* _Action item_: Send back the data below exactly. Drop every picture.

* _Data excerpt_:
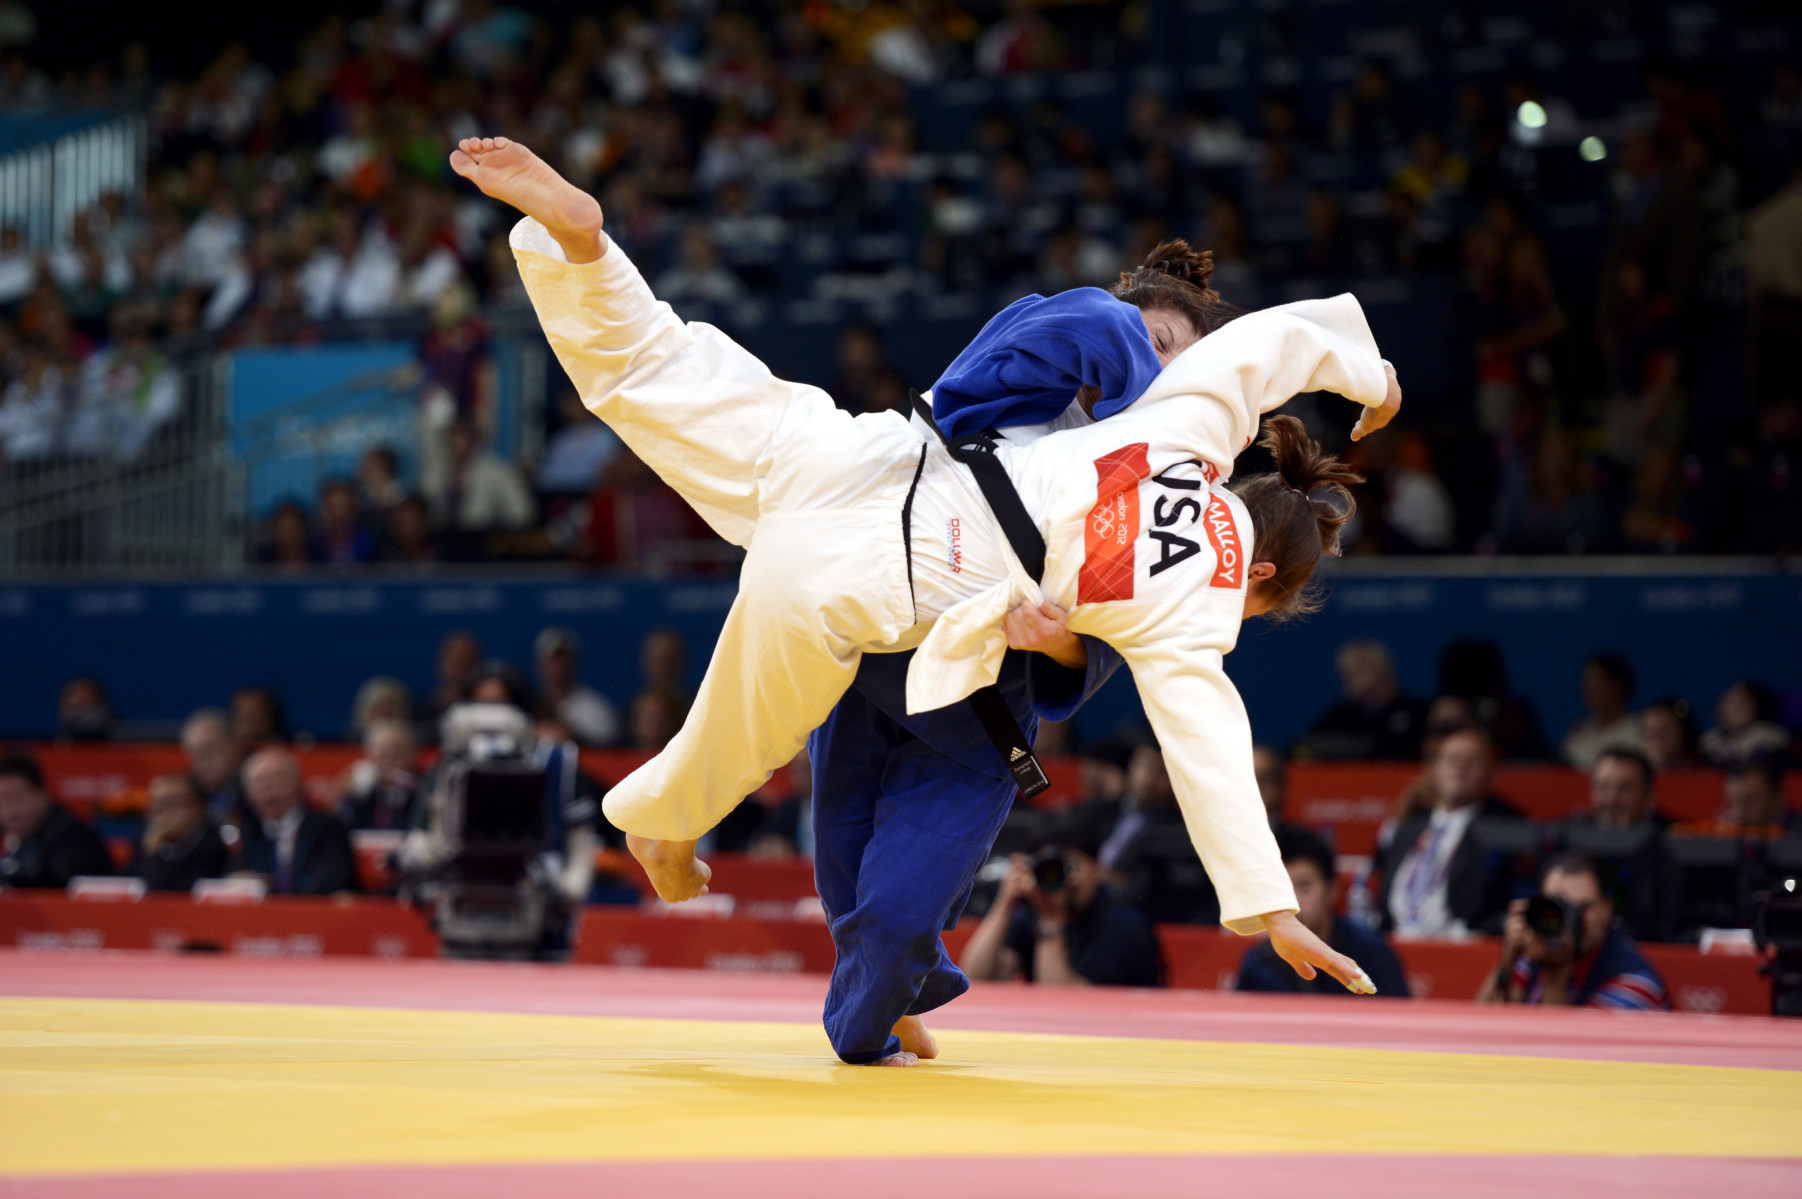 Corina Caprioriu of Romania, the eventual gold medalist, wearing blue, takes down Marti Malloy of the United States during the women's 57kg Judo competition.   Malloy won the bronze medal which she shared with Automne Pavia of France. : London Olympics : Photography by Adam Stoltman: Sports Photography, The Arts, Portraiture, Travel, Photojournalism and Fine Art in New York
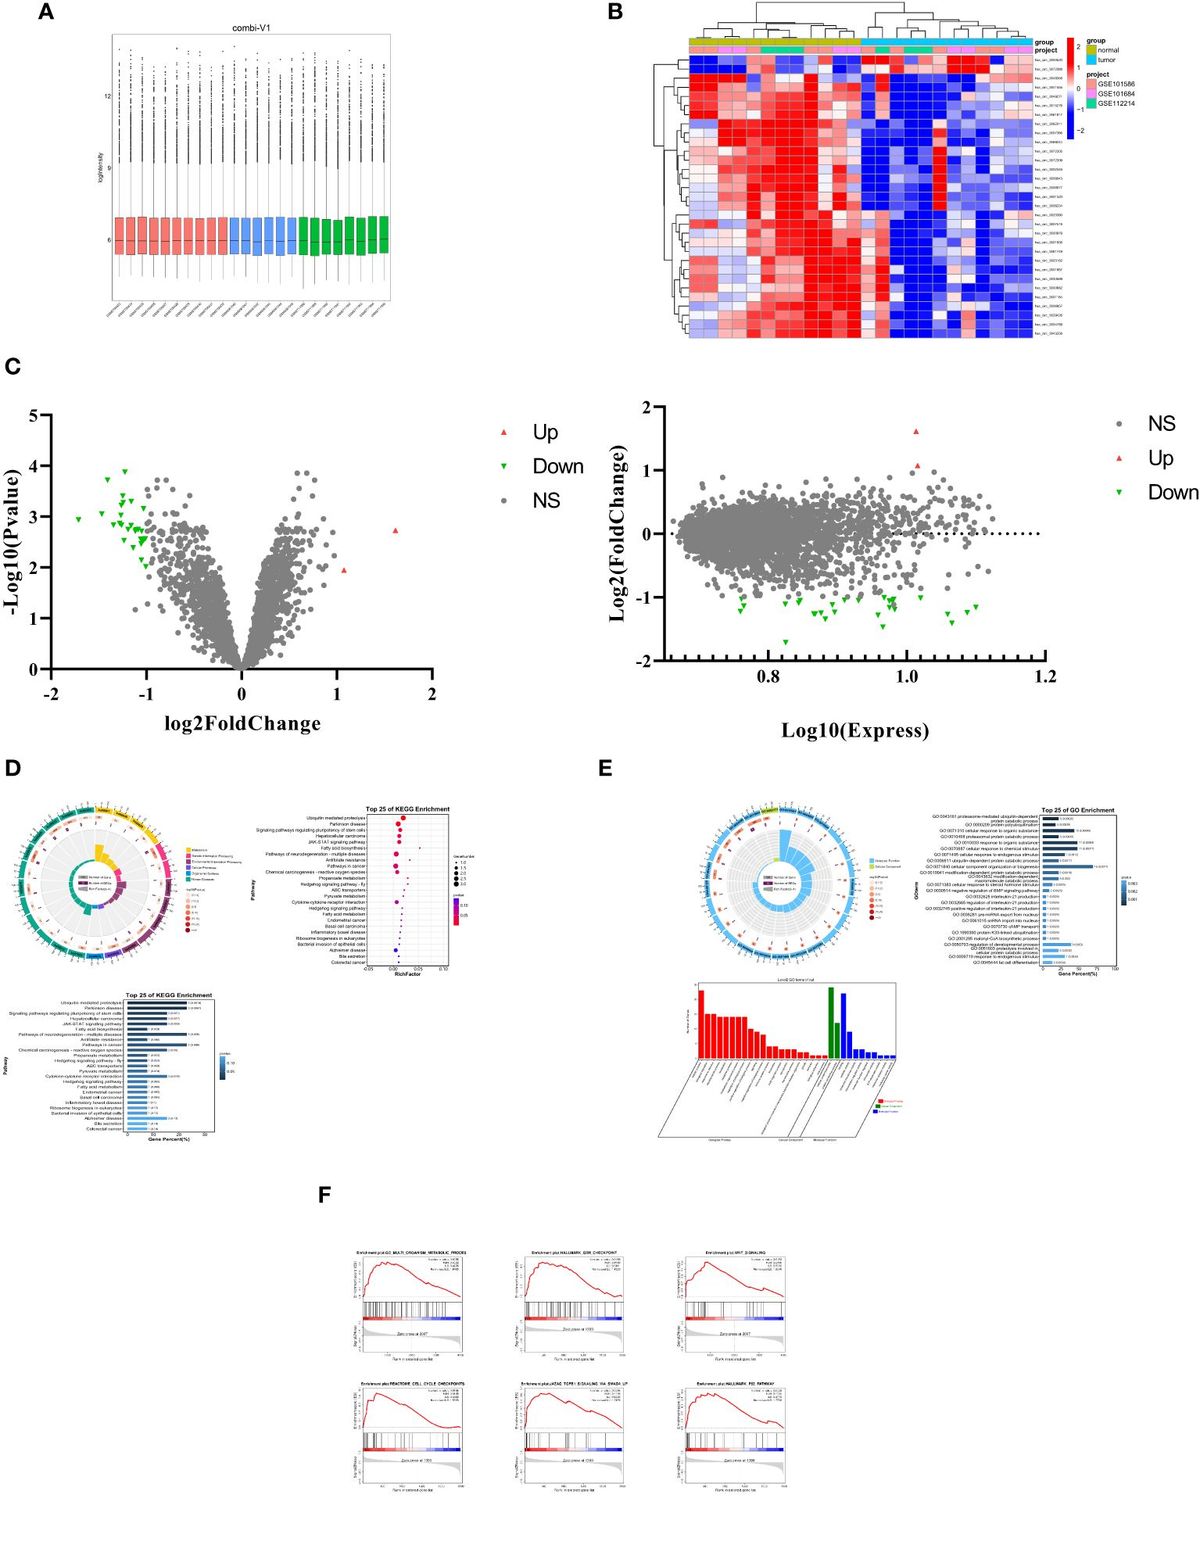 Circ_BBS9 as an early diagnostic biomarker for lung adenocarcinoma: direct interaction with IFIT3 in the modulation of tumor immune microenvironment
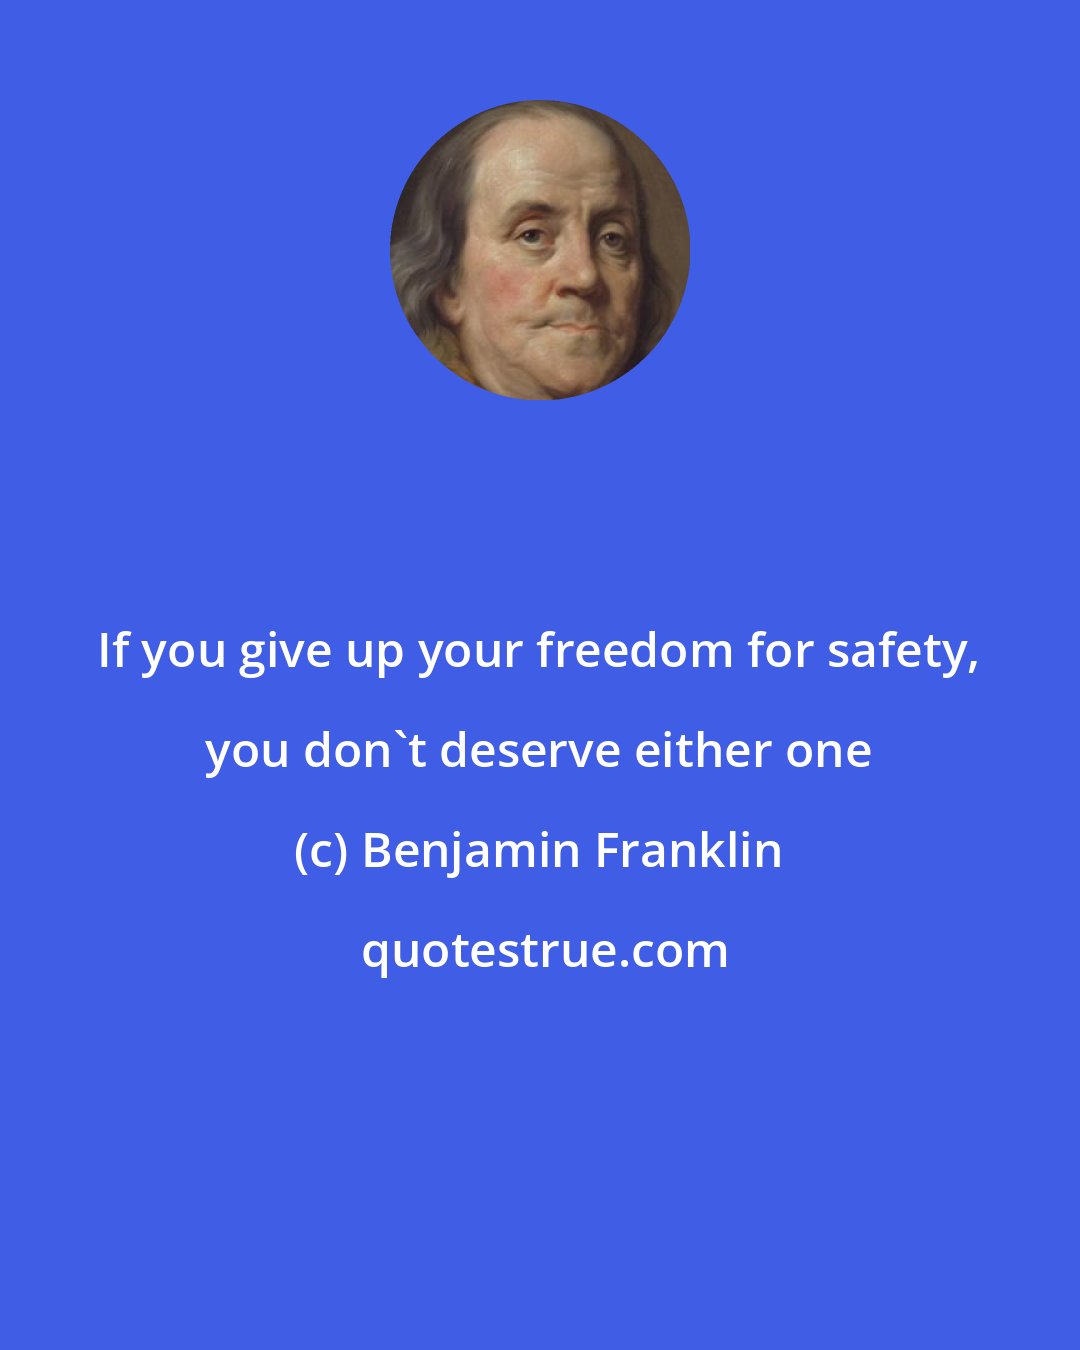 Benjamin Franklin: If you give up your freedom for safety, you don't deserve either one
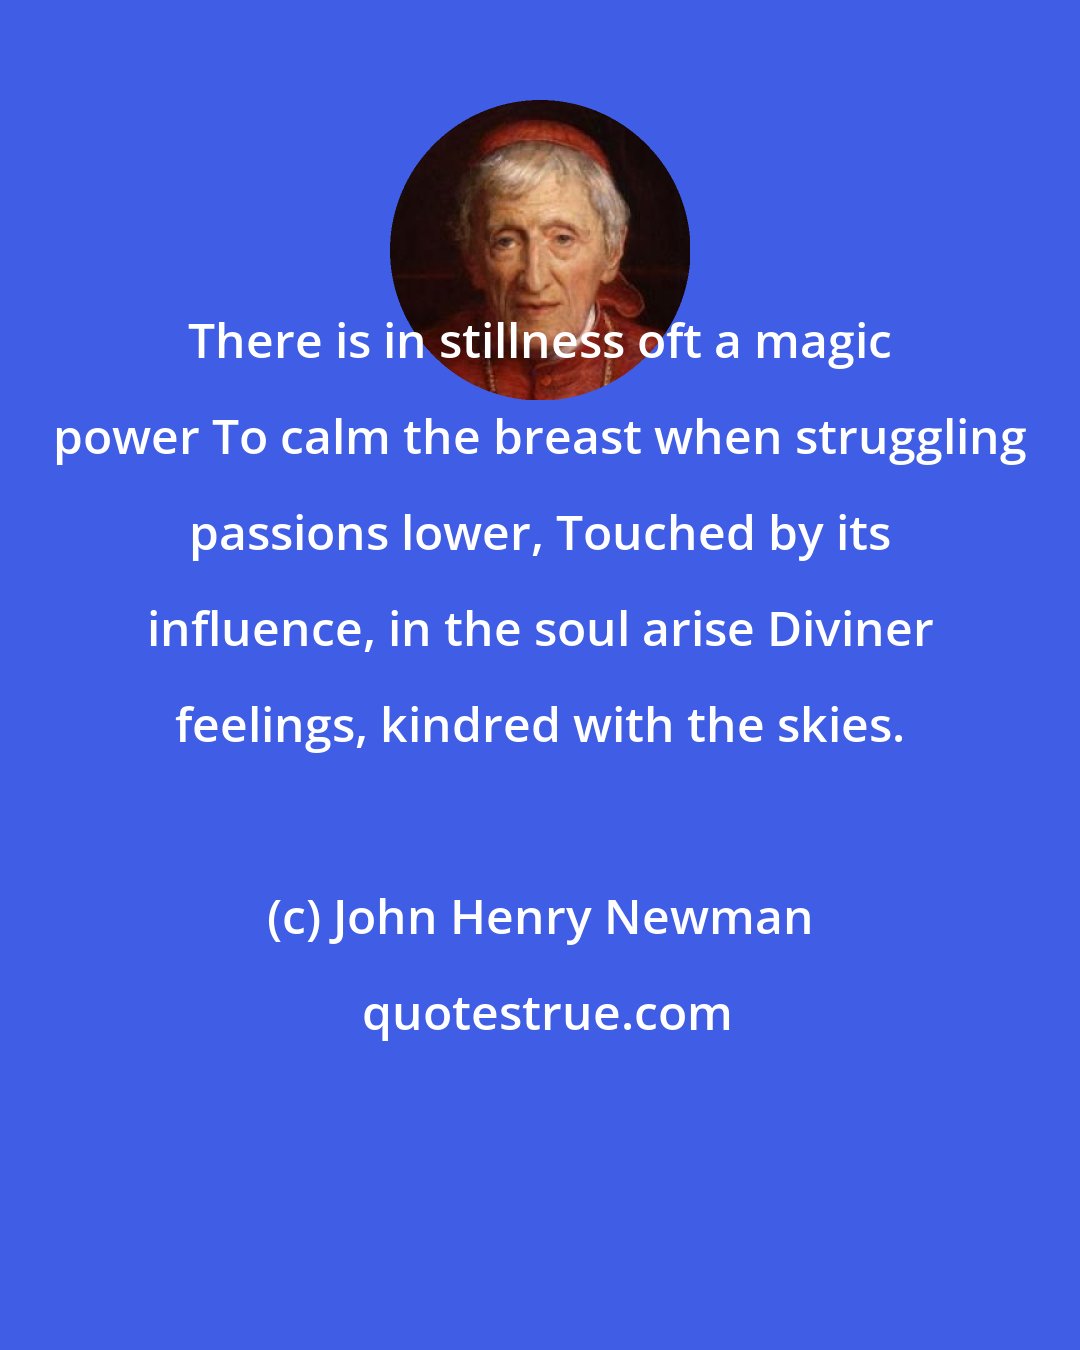 John Henry Newman: There is in stillness oft a magic power To calm the breast when struggling passions lower, Touched by its influence, in the soul arise Diviner feelings, kindred with the skies.

* _Solution below_:
 Corina Caprioriu of Romania, the eventual gold medalist, wearing blue, takes down Marti Malloy of the United States during the women's 57kg Judo competition.   Malloy won the bronze medal which she shared with Automne Pavia of France. : London Olympics : Photography by Adam Stoltman: Sports Photography, The Arts, Portraiture, Travel, Photojournalism and Fine Art in New York
 Circ_BBS9 as an early diagnostic biomarker for lung adenocarcinoma: direct interaction with IFIT3 in the modulation of tumor immune microenvironment
 Benjamin Franklin: If you give up your freedom for safety, you don't deserve either one
 John Henry Newman: There is in stillness oft a magic power To calm the breast when struggling passions lower, Touched by its influence, in the soul arise Diviner feelings, kindred with the skies.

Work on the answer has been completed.